What are your upcoming projects?

D.R.: I’d love to do a sequel to this book. Show how the magical memes continued through the human-potential movement of the 1960s and ’70s, and how the self-interested advertising culture happened. Then, a final book looking at the way sigil magic has migrated online into algorithms. Algorithms are the contemporary form of sigil magic.

I’ve also just started a podcast (Has everyone?) called Team Human which is looking to promote human agency in an increasingly digital and corporatized age.

M.A.O.: I’m currently still working on Powers and I’m drawing Cave Carson for DC Comics. You can keep up with all my projects at MichaelAvonOeming.com.

What are you currently geeking out over?

D.R.: Not a heck of a lot. There’s something that flipped in me, that makes me see all this stuff as the same. I stopped watching The Walking Dead, which was a big turning point for me. Just not wanting to fill myself with that hopelessness.

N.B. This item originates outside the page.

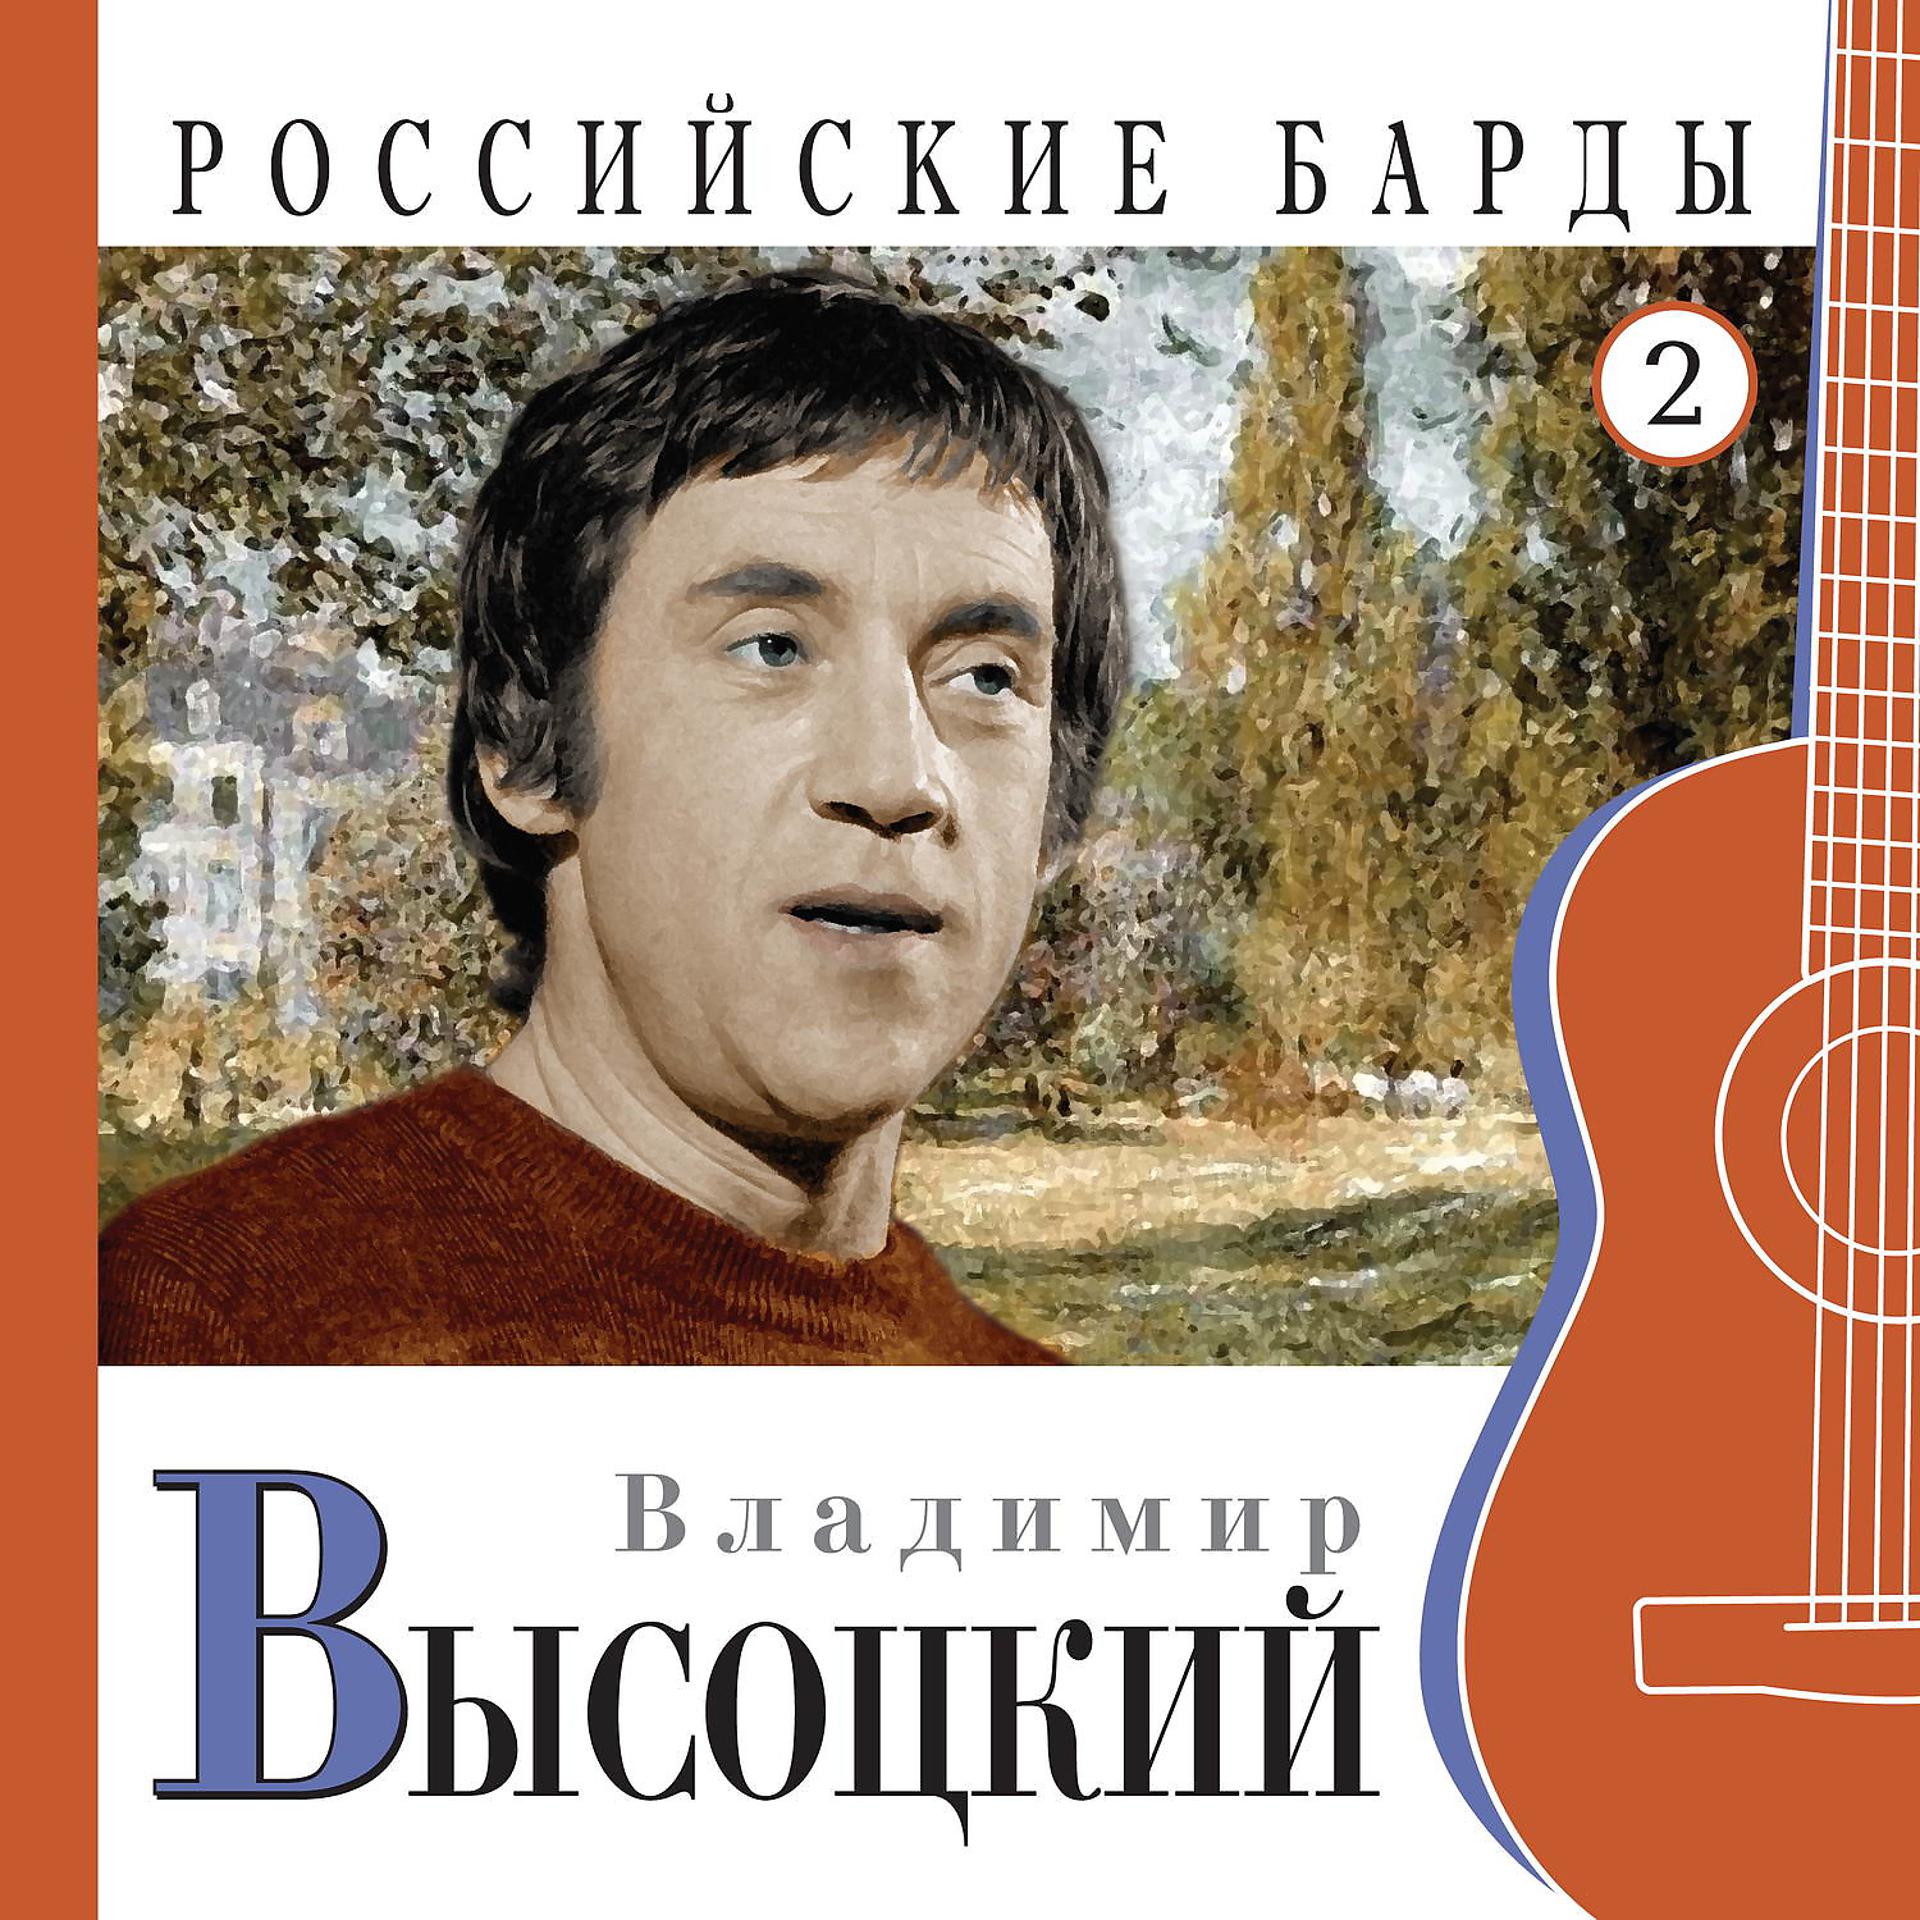 Постер альбома Владимир Высоцкий. Российские барды. Часть 2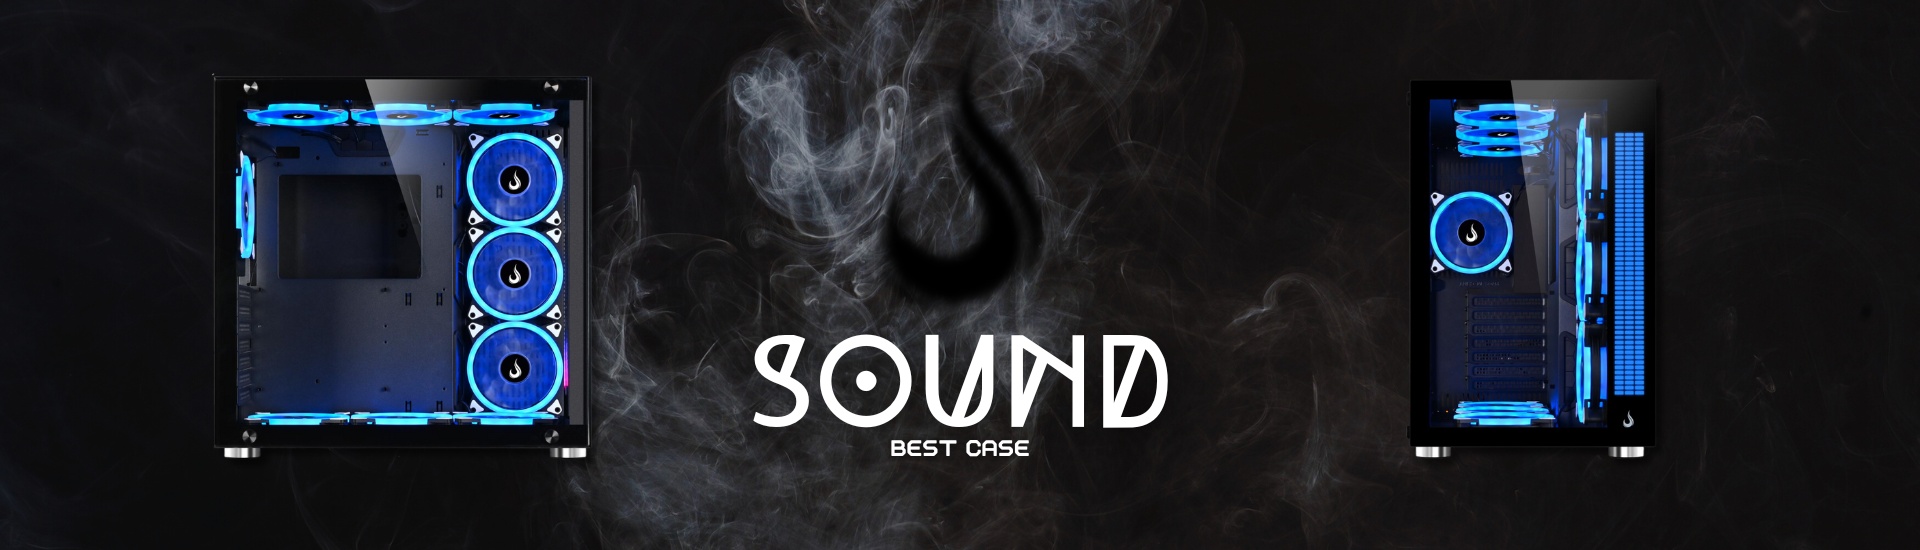 Sound - Best Case

So I am watching Black Mirror, which is awfully good. Maybe not masterpieces, but effective enough. I watch Mr. Robot, though I fear they got a bit lost at the end of season 1. I’m watching Westworld, but more as a fellow creator seeing how they move through the material than as a fan. But sometimes I’m sucked in a bit.

My problem is with series that are based on spoilers and withheld plot points rather than truly deep ideas. Shakespeare and Shaw didn’t need spoilers to keep audiences interested. It feels to me as if spoilers are a consequence of a very IP-driven entertainment landscape. Yes, it’s nice to be surprised. Or fooled. But it’s not the most communicative or highly dimensionalized form of fiction.

I’m watching a lot of Deepak Chopra right now. Watching the YouTube videos where the mean scientists reveal his lack of understanding, his misuse of quantum terminology. He’s playing off the same supernatural memes as the magicians of the last century, but refusing to acknowledge them as metaphorical, like Crowley did. I enjoy seeing people unmasked, and at the same time, I feel for them—because we are all faking it to some degree. That’s part of the fascination with Trump. We are all scrambling like that in so many conversations.

I’m reading Julian Barbour, and other good physicists, on the nature of time. And Merlin Donald and Karl Pribram on the human mind. So I guess I’m geeking out most on true geekery about the nature of consciousness.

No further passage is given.